Well done, as always.

Now, enjoy California and all your events and golf all you like. Then say, ENOUGH! and hurry back. The whole island the forum and your friends, formerly strangers miss you both already.

----------


## KevinS

Sounds like 5' 4" to me, lol.  And then there are the Loubs.

DL is definitely trying to make their FC stand out against AA and UA, but you gotta pre-choose.  (For breakfast, the Charcuterie plate is the best choice).  Since AA has failed me, I'm flying DL.

----------


## davesmom

> Sounds like 5' 4" to me, lol.  And then there are the Loubs.
> 
> DL is definitely trying to make their FC stand out against AA and UA, but you gotta pre-choose.  (For breakfast, the Charcuterie plate is the best choice).  Since AA has failed me, I'm flying DL.



I do love DL for the most part, and if you get Platinum, you get these cool certificates for Regional Travel, "Regional" including going to some places in the Caribbean.  SJU and SXM count and you pay the Main Cabin in $$ or miles for upgraded First Class...if you can get them.  I lucked out after many tries so that is how I got there.  I am due a couple more in 2023 so I will do my best to get reservations to come back..hey, Kevin, you can fly direct to San Diego, I think...just sayin' and we have wine......and we share!!

P.S.  Never going to make 5 ft. 4, but you know those 5 inches do help...I pretend I am tall and platforms are in!!  I actually dunked in an 8 ft. basket..without the Loubs.....I am big on the inside, in my mind, anyway!

----------


## JEK

After your lovely details of Le G we are looking forward to our stay even more! If only Charles could be back on the piano . . . .

----------


## davesmom

> After your lovely details of Le G we are looking forward to our stay even more! If only Charles could be back on the piano . . . .
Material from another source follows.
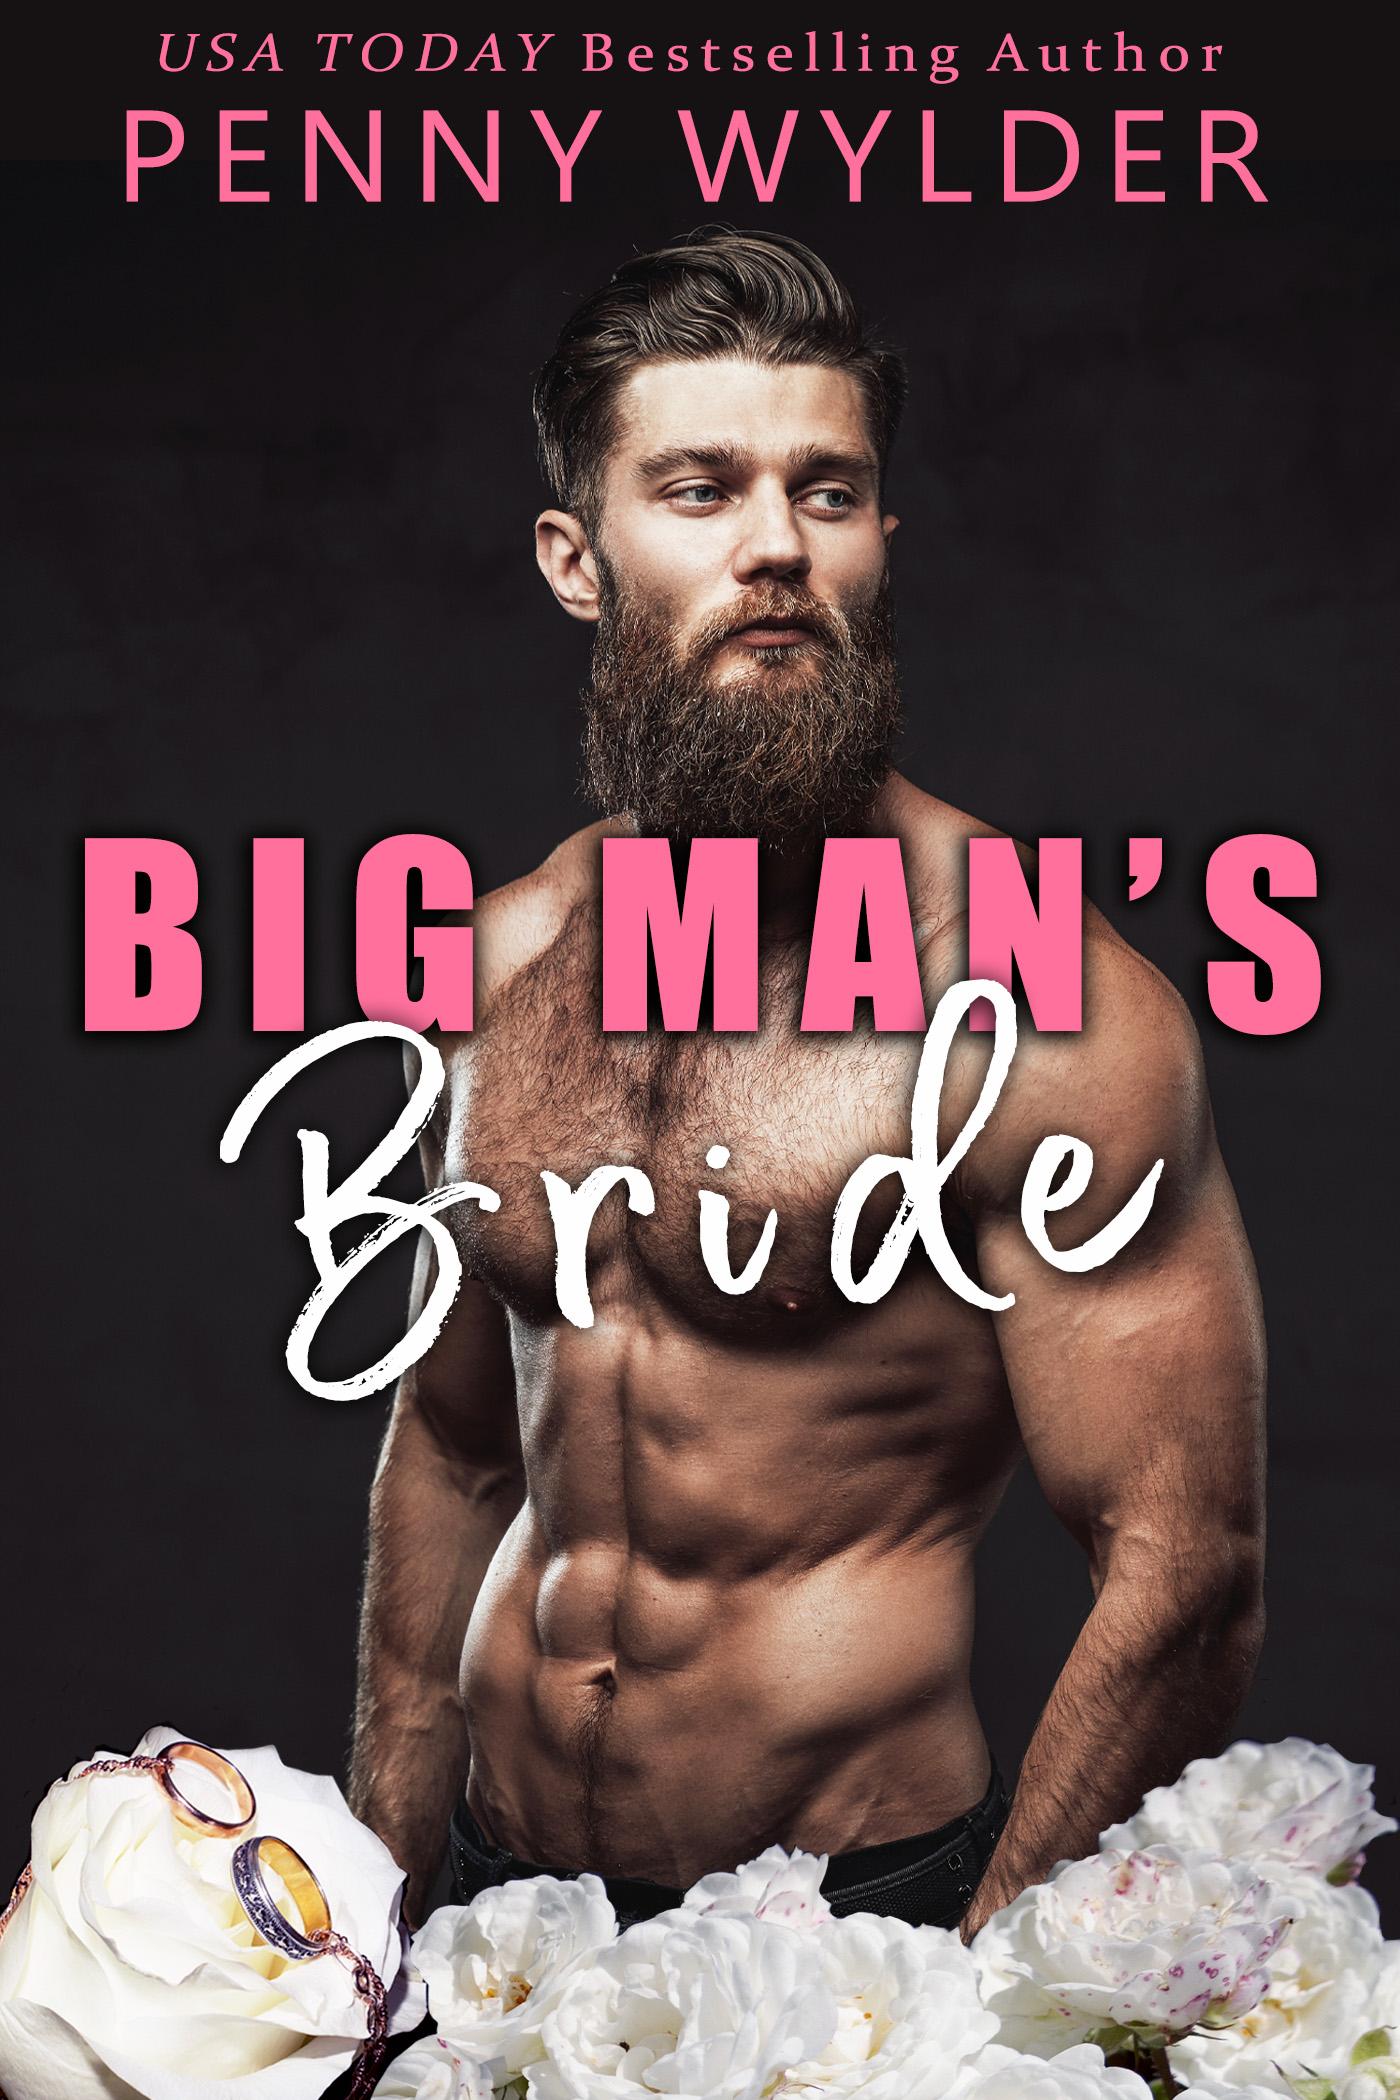 Big Man's Bride (Big Men Small Towns #1)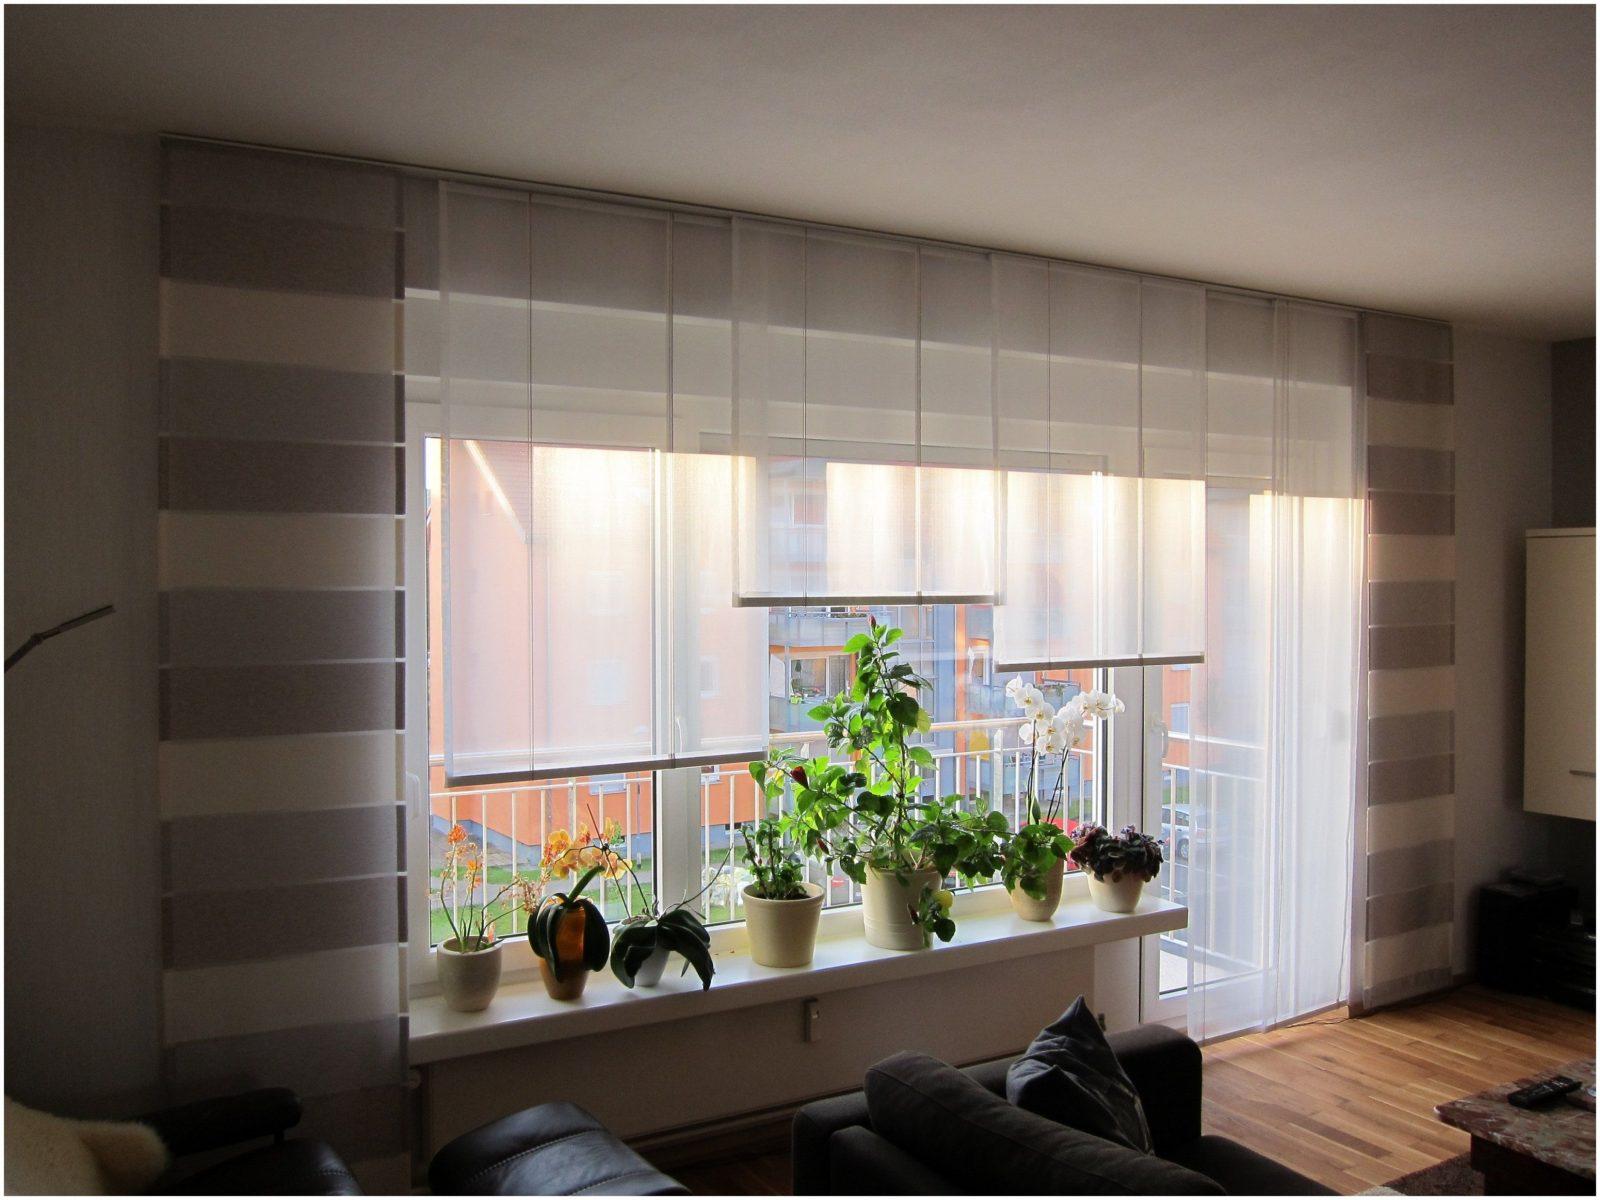 Erstaunlich Gardinen Balkontür Und Fenster Fotos Von Fenster Idee von Gardinen Für Terrassentür Und Fenster Photo

OMG, that was SOOOO much fun..so many great years of music. Charles Darden, right?  I'd like our chef Philippe back, too, if we could manage that, s.v.p...you will have the best time!  When do you get there?  I will PM you with names of some of the amazing servers you have to ask for..so adorable!  And I did not even mention the cute turtles with orange spots that saunter around the resort..keep an eye out for them when you are walking!

----------